··· EXERCISE DATA ···
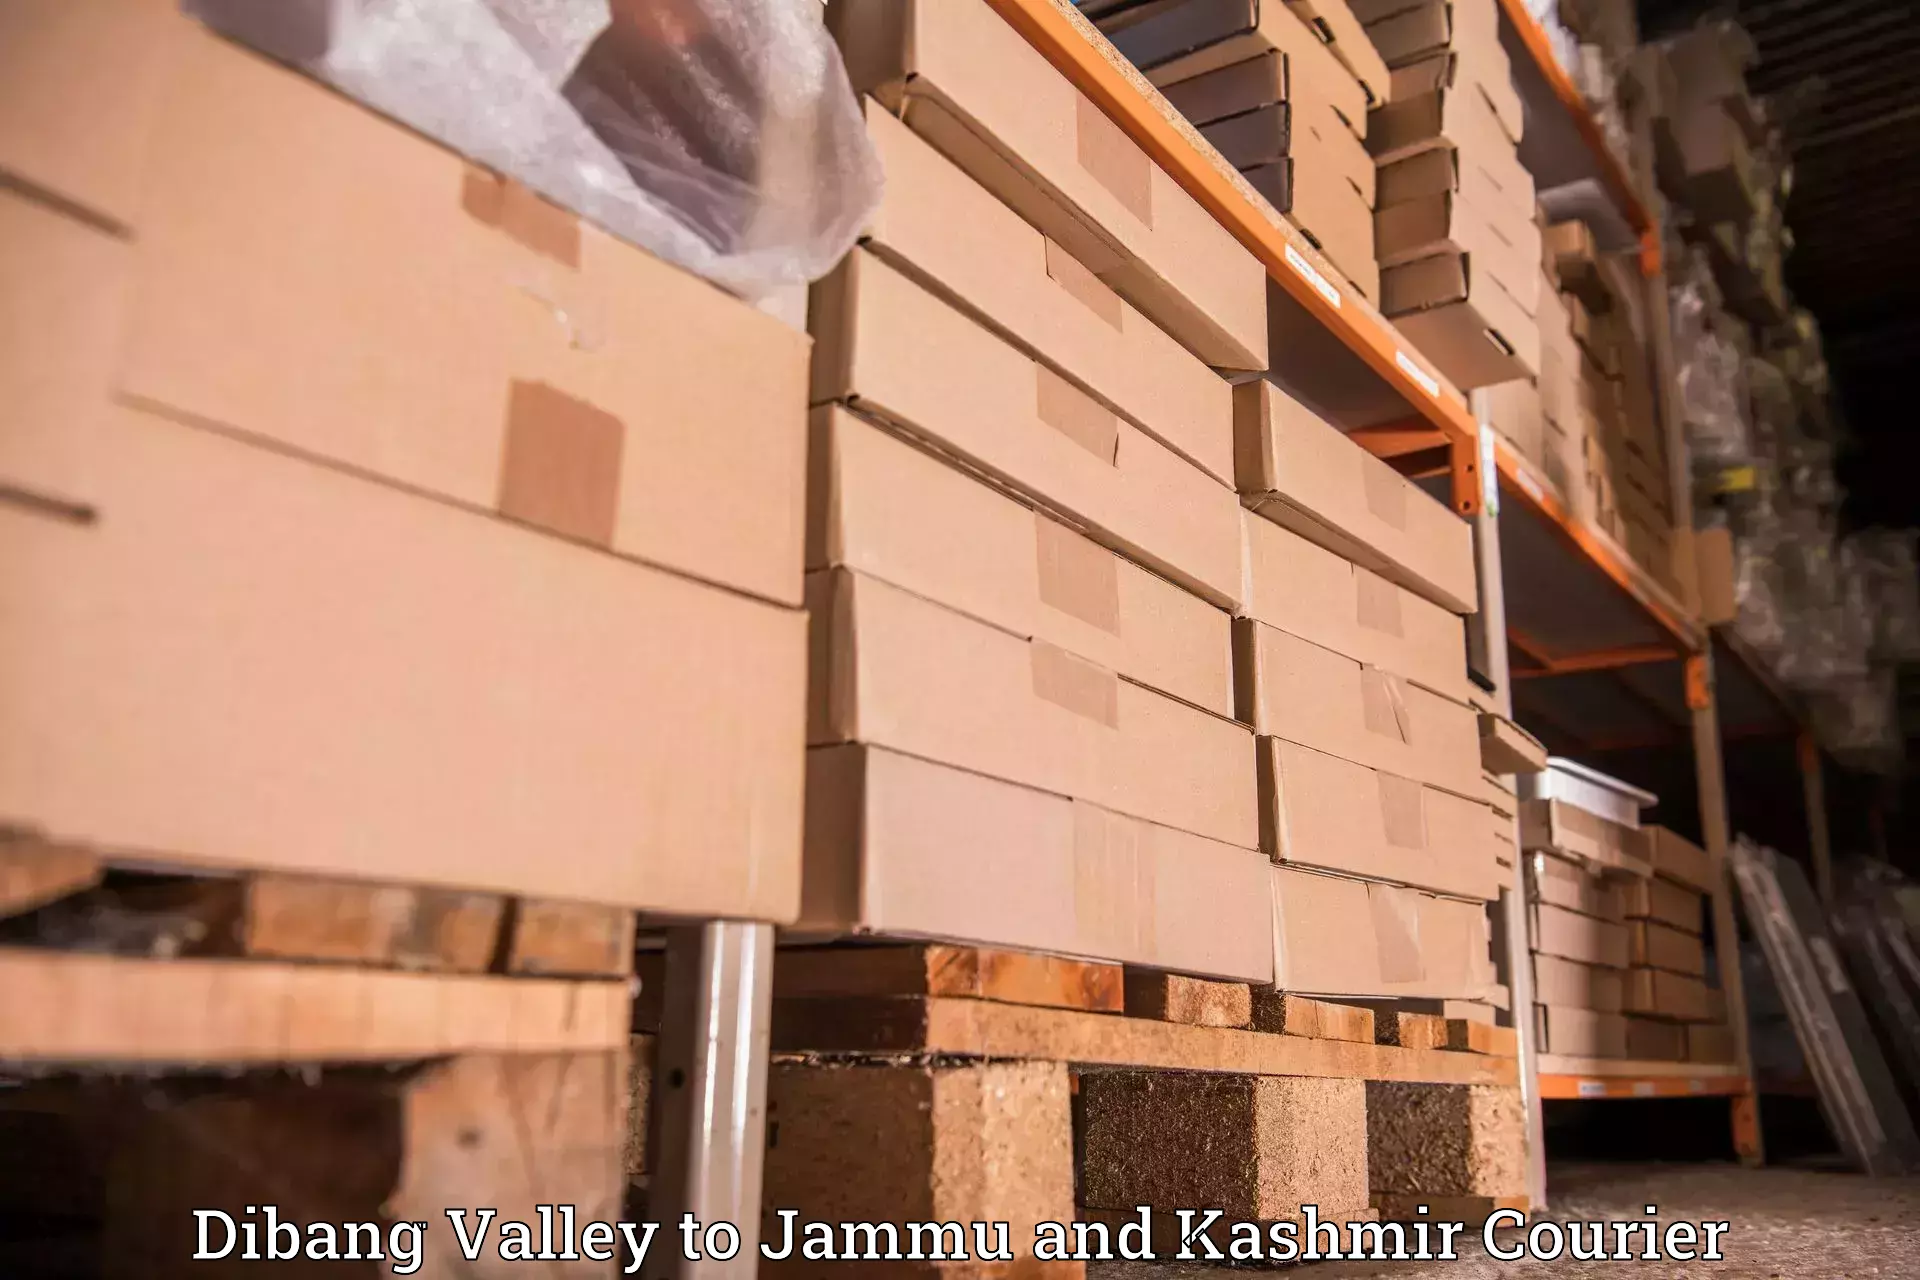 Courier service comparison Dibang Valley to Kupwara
···
··· EXERCISE DATA ···
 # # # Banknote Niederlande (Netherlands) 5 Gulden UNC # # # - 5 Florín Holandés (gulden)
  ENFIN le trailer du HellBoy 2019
···
Look above for the line with "# # # Banknote" and the line with "ENFIN le trailer du HellBoy 2019". Write out those two lines and all the lines between them, exactly, and no others.

EXERCISE SOLUTION:
 # # # Banknote Niederlande (Netherlands) 5 Gulden UNC # # # - 5 Florín Holandés (gulden)
  ENFIN le trailer du HellBoy 2019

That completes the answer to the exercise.